Pancreatic cancer is the fourth leading cause of cancer mortality in the United States. [1] The outcome of patients with pancreatic cancer has been dismal with a 5% 5-year-survival rate. [2] The lethality of pancreatic cancer is due to its aggressive biological behaviors including a great potential for invasion and metastasis, and resistance to currently available anti-cancer agents. The molecular mechanisms responsible for these characteristics is largely unknown, and must be understood to improve the treatment outcomes of patients with pancreatic cancer.

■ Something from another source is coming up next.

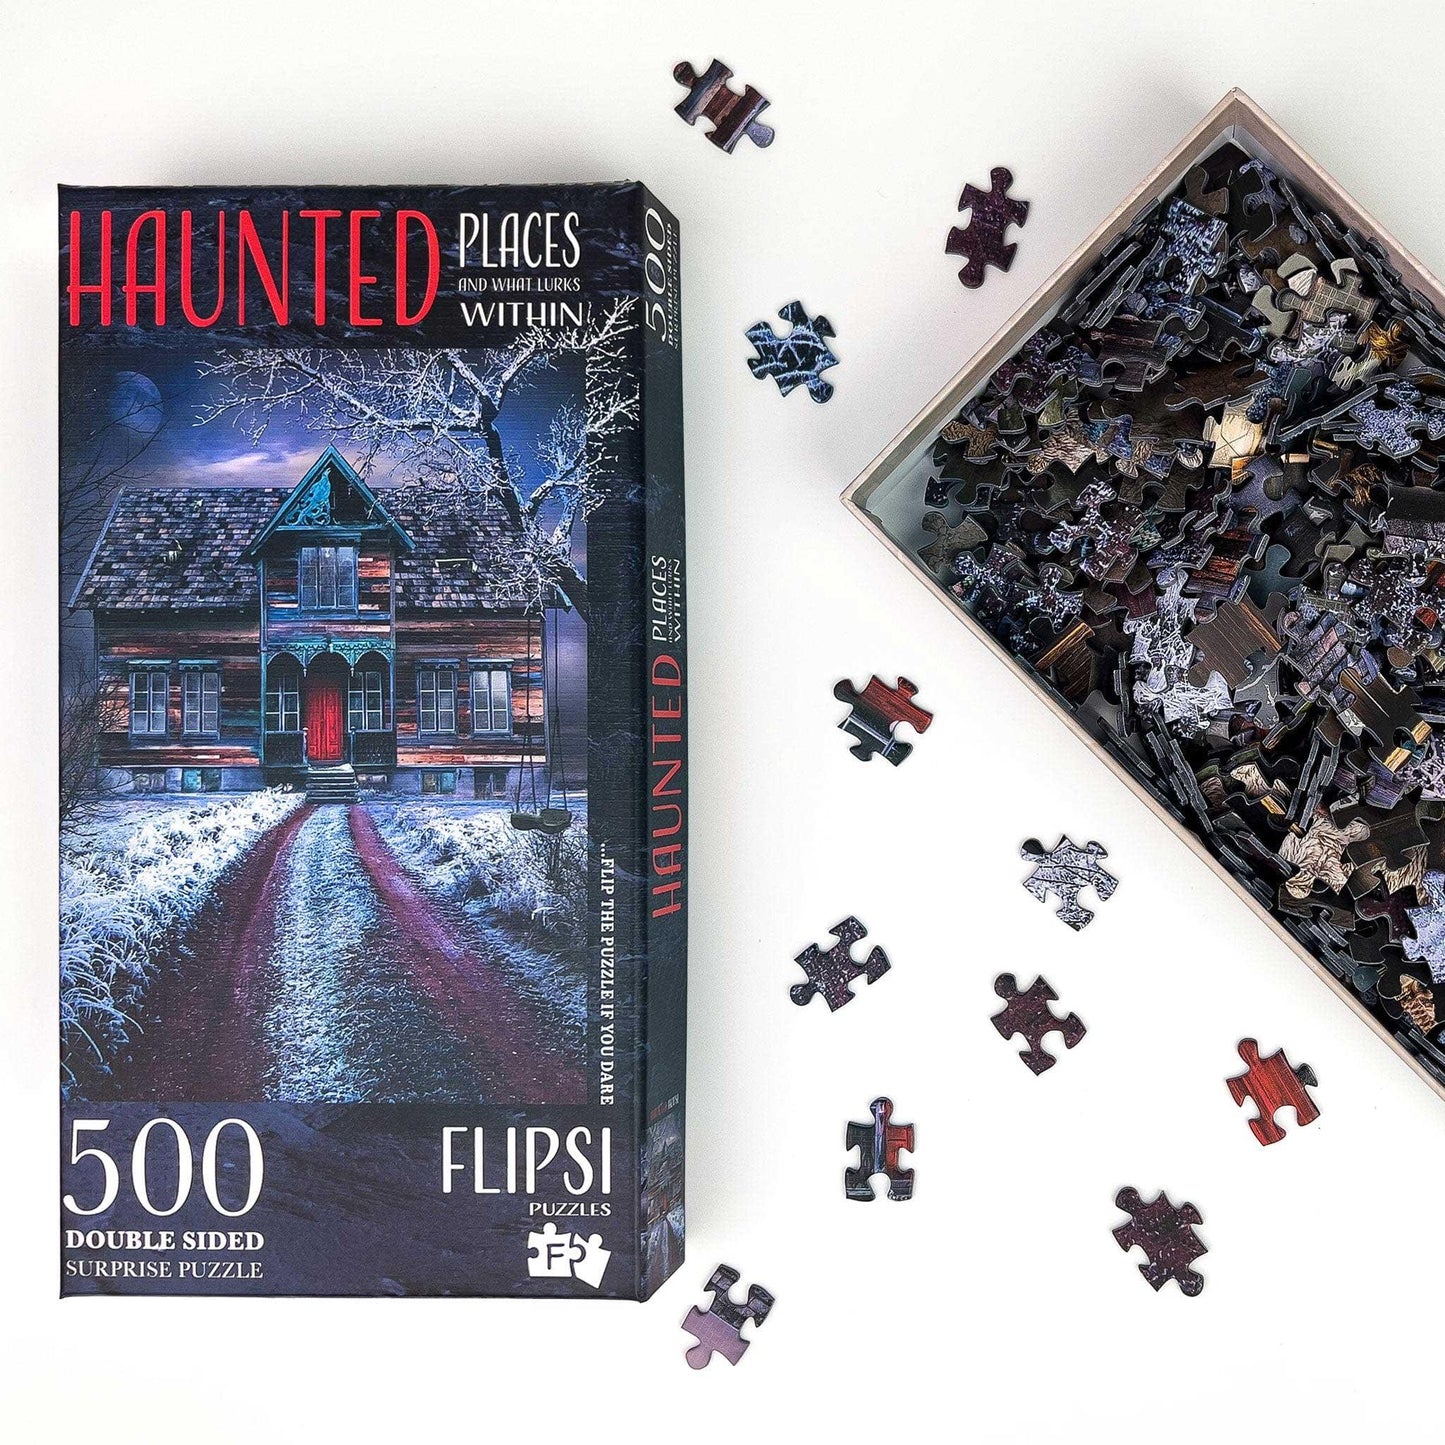 PRE-ORDER FLIPSI PLUS: All Three Haunted Places & Flipsi Board - Flipsi Puzzles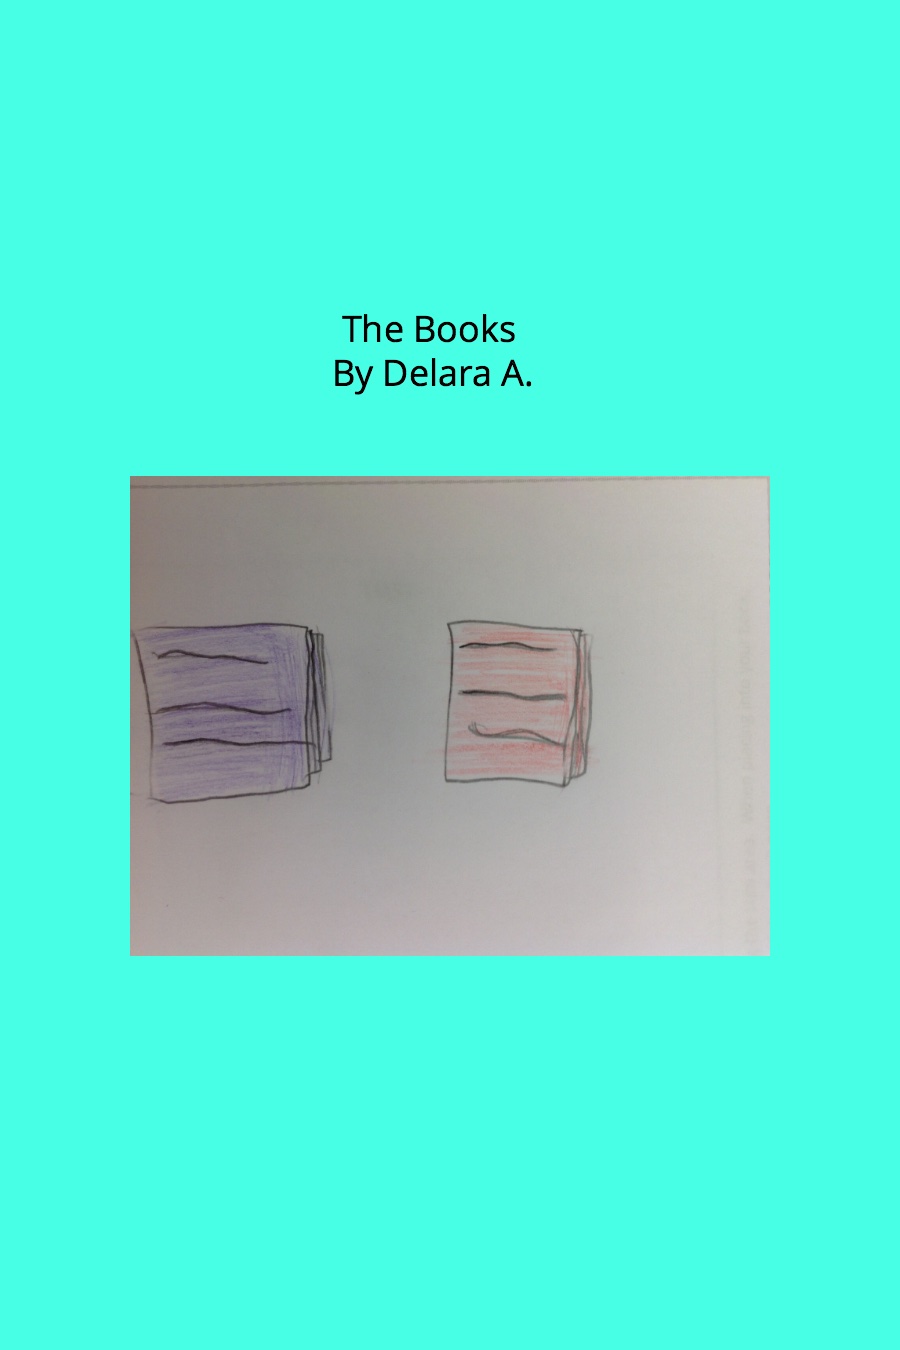 The Books by Delara A

Protein tyrosine kinase 6 (PTK6), or breast tumor related kinase (BRK) is a non-receptor type tyrosine kinase. It is related to the c-Src kinase family, possessing SH2 and SH3 domains. [3] PTK6 promotes cell differentiation in normal epithelial cells and is barely expressed in mature epithelial cells in gastrointestinal tract, breast or skin. [3][5] Although aberrant overexpression of PTK6 has been identified in several epithelial cancers, including cancers of the breast, lung, melanoma, prostate, colon, and ovary, the functions of PTK6 in cancer biology have not been fully characterized. [3], [6][12].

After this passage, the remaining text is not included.